2021-06-14 Core Developers Meeting

Participants

@Andrew Dalke (Deactivated)
@Jeffrey Wagner
@Lily Wang
@Matt Thompson
@David Dotson
@Pavan Behara

Goals

Discussion topics

Item	Notes

Item

Notes

Updates

AD
- Posted about tool for “which subset of a dataset should I use for regression tests?”.
- (Posting some example outputs on #developers)
- Made analyses of cases where different numbers of atoms come out, highlighted some particular molecular features that cause trouble/lead to different numbers of Hs.
- Some issues with how SDF properties go from cheminformatics toolkit molecules/OFFMols.
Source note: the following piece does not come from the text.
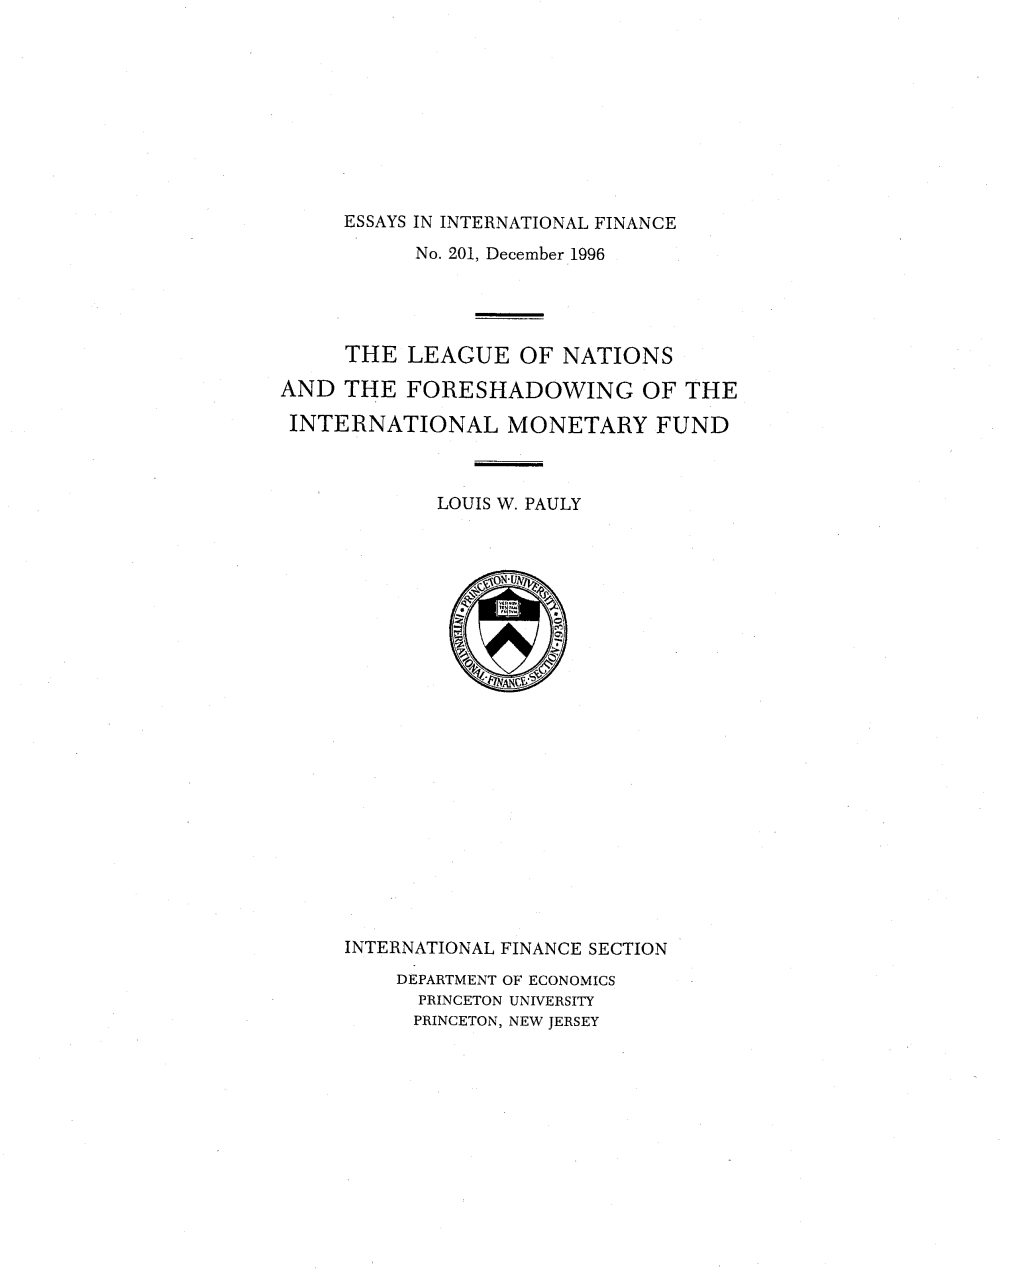 The League of Nations and the Foreshadowing of the International Monetary Fund / Louis Pauly
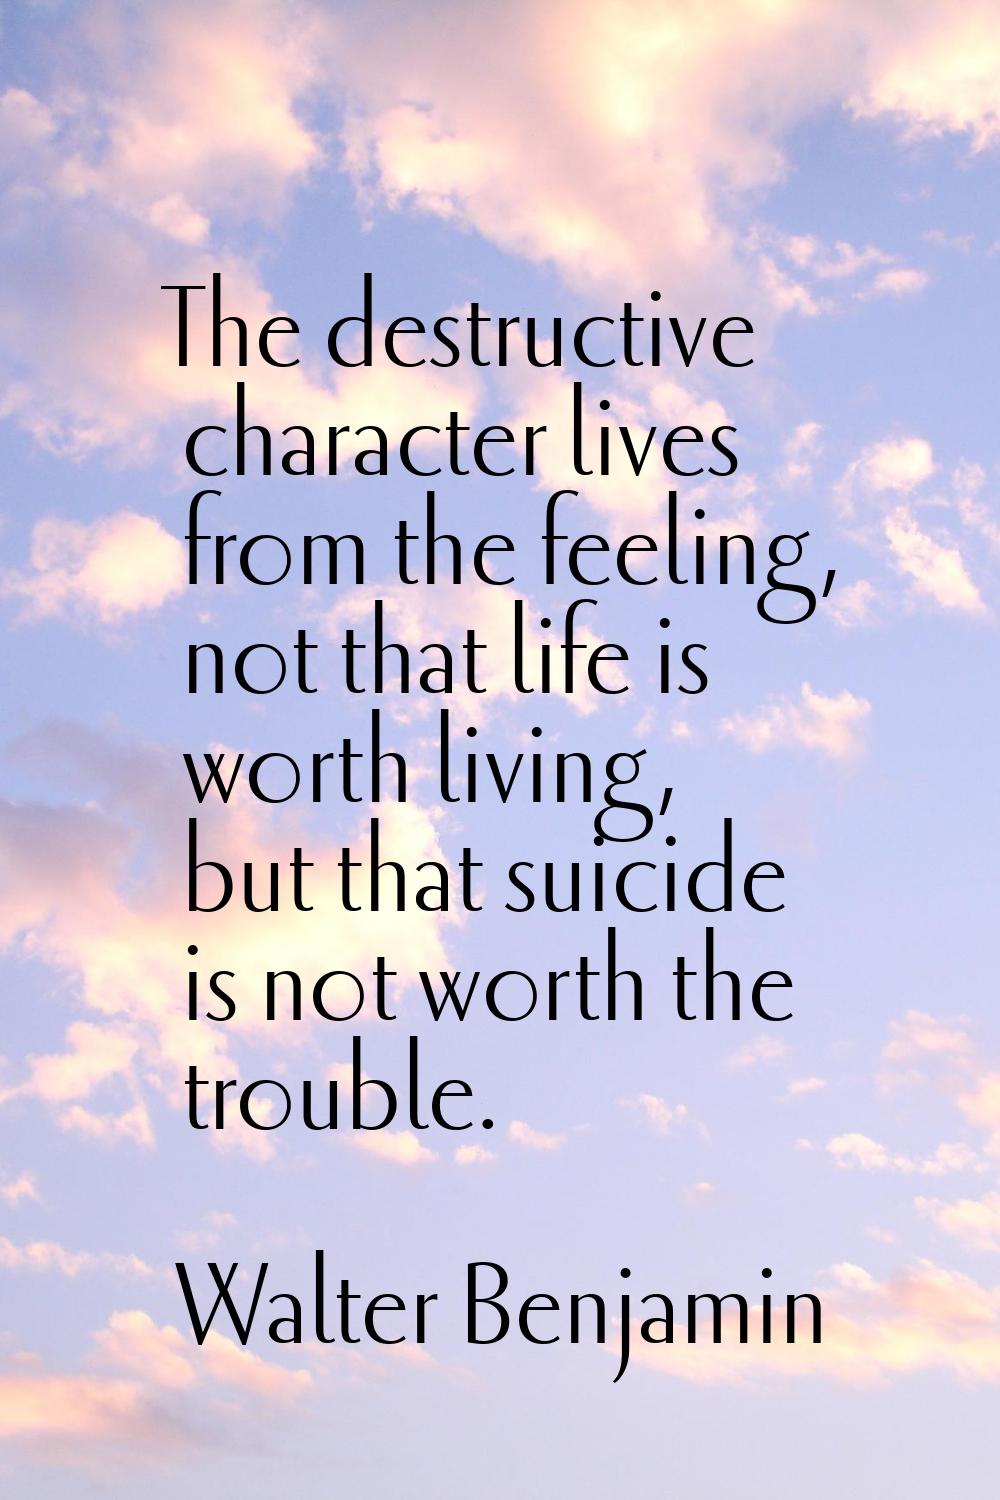 The destructive character lives from the feeling, not that life is worth living, but that suicide i

This made molecule datasets look very different to coverage analysis.
- Would like to abstract ow-level impoelemtation of tooklit interfaces into a separate place, and have toolkit/utils call those from a high level.
MT
- Working on energy tests to reproduce OpenMM energies when exporting directly from toolkit vs. from a OFF System object.
  - Single vs. multi-molecule systems
  - Single molecule energies match to 1e-3 J/mol (NOT kJ)
  - Condensed-ish phase calculations don’t match as well. Energy values are a bit rough, but parameter assignment comparison shows identical assignment. So I think it’s OK, but the energy mismatch is strange
- Only tested using cutoff electrostatics and periodic systems. Trying more things would lead to a combinatorial explosion in number of permutations.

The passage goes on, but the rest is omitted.